If it’s really about Christ and what his coming means for me, I don’t have to worry about Christmas being disappointing.  If it’s really about his plan to make a way for me to have a relationship with God then I don’t have to worry about being lonely during the holiday.  If I know he’s provided a way to make things new for me, I don’t have to worry about things being perfect now.  If I know he loves me, I don’t have to experience the hollowness or the ache of unmet expectations.

The story of Jesus’s birth is beautiful, amazing, mysterious, something only God would do, and I love it.  I sing the songs about Bethlehem and the angels and Mary and Joseph and Jesus.  I feel loved and I feel loving. I’m just saying that it can be about Jesus, not just on December 25th but every day, and I (or you) can slow down and enjoy that fact – if I really want to.

Christmas Shopping

wpid-20141216_212222.jpgOf all the possible shopping days before Christmas, I’m hoping this was the worst one, because at least it is over now. I have such a conflicting bunch of feelings about the whole subject that I almost feel ill with confusion. I’m not a big shopper at any time of the year so I guess it’s no surprise that I hate it now. In no particular order, my twelve thoughts on Christmas shopping.

1. It makes no sense to me that what was supposedly the birthday of Christ is now an occasion to shower ourselves with presents to the point that most people don’t even care whose birthday it was. When it’s your birthday who do you think should get the presents?

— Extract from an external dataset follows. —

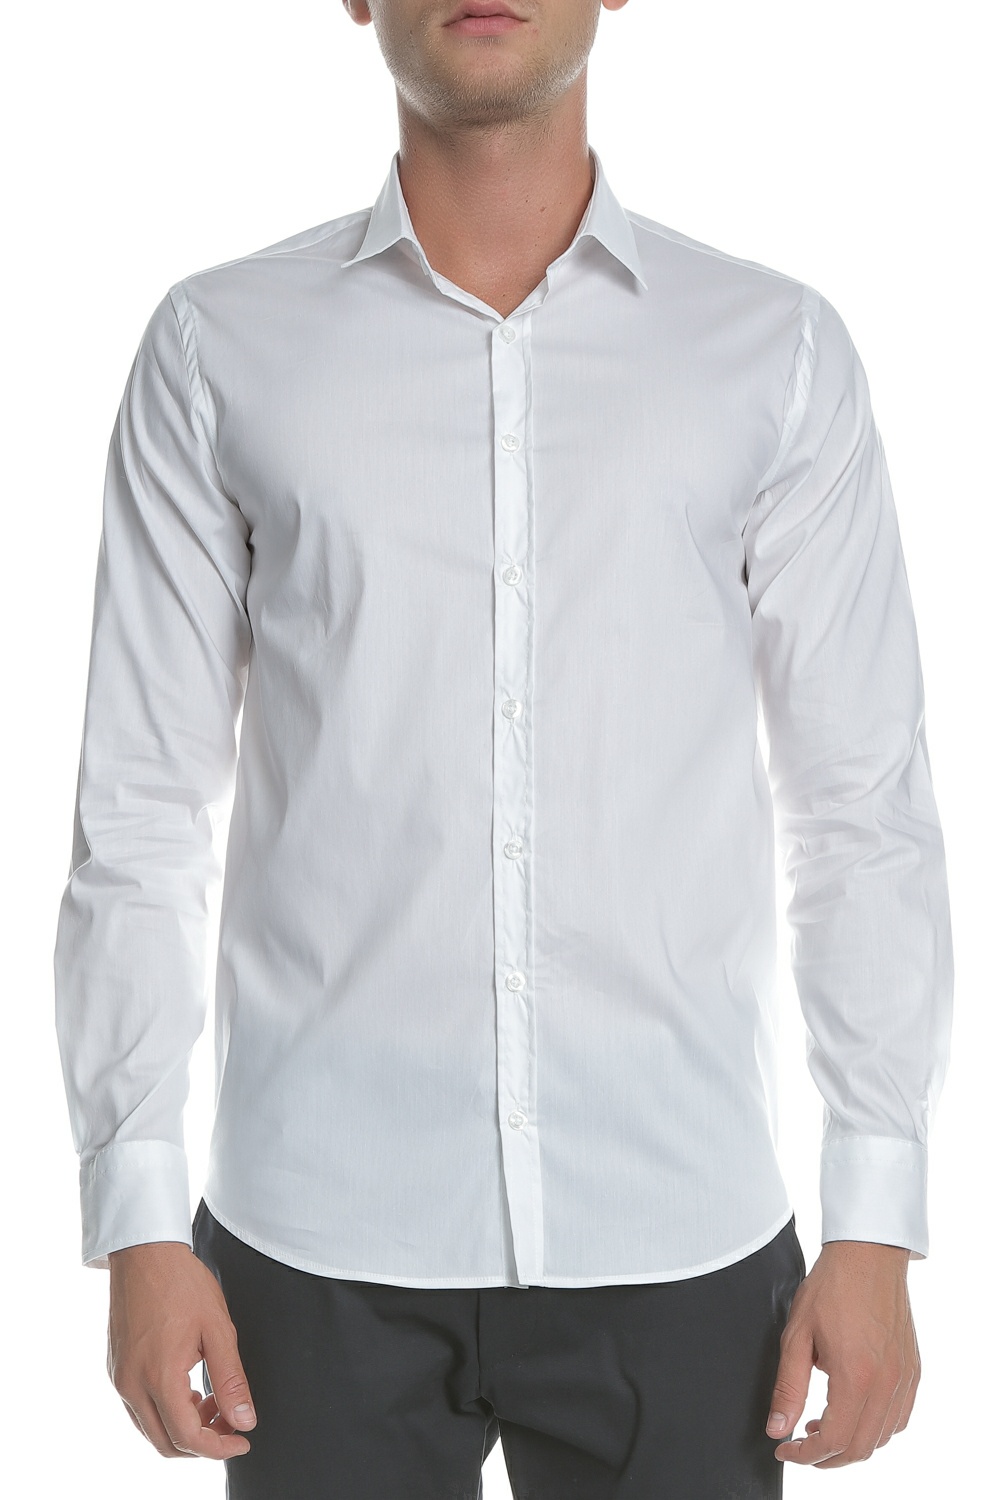 Ανδρικά/Ρούχα/Πουκάμισα/Μακρυμάνικα SSEINSE - Ανδρικό πουκάμισο SSEINSE λευκό

2. It makes no sense to me that I should buy something, anything, whether or not it’s wanted or needed, just to meet the unrealistic expectation of a present for everyone.

3. It makes no sense to me to try to gift everyone I care about all on the same day (or even in the same month), not timewise, not financially.

4. It makes no sense to me that I should shop for everyone on the same day or week that nearly everyone is shopping for everyone. Living for hours in a checkout line is not good for my health/sanity.

5. It makes no sense to me to buy gifts in July so that I can give them in December either. Why wait?

6. I remember childhood Christmases. There were many good things about them but right in the middle was the MAJOR thing – what’s in those packages and what am I gonna get? Not proud of that but, hey, I was a kid.

So about this time I’m deciding that there will be no Christmas shopping for me. I will not let marketers lure me into this insanity. And then I get these thoughts…

7. Someone gives me a gift and pretty much blows me away with their generosity. I have to thank them. I want to reciprocate in appreciation. I have no idea what to get them.

8. No matter how much someone tries not to care about presents, when everyone else is getting them, those who aren’t wonder if anyone cares about them. I want them to know I care. I have no idea what to get them.

9. Time is a worthwhile present and I want to give it to the people closest to me – but all in the same week? Across five different states? How am I going to get any shopping done? What else can I get them? I have no idea.

10. I have to get them something useful, something they will love, something that says I know them and care about them, something that doesn’t make them feel obligated to buy a gift for me, something not from the dollar store, SOMETHING THAT I DIDN’T GET THEM LAST YEAR. I have no idea what that is.

11. There is a beauty in glittering, wrapped packages with ribbon all over them. People need to have pretty stuff like that to look at. They are like flowers – here today and gone tomorrow with the after Christmas trash pick up. But they have their moment.

12. If I could find that perfect gift, it would actually be following the example of what God did when he gave us part of himself, his son. If I could give it in love it wouldn’t matter whether it was on the same day as Jesus’s real birthday. If I could give it sacrificially it would be meaningful and cherished by the recipient. But honestly, I have no idea what that perfect gift would be.

I’m not going to tell you how I handle this dilemma, but I do manage to get through the season. What are your thoughts and feelings about shopping and gifts for Christmas?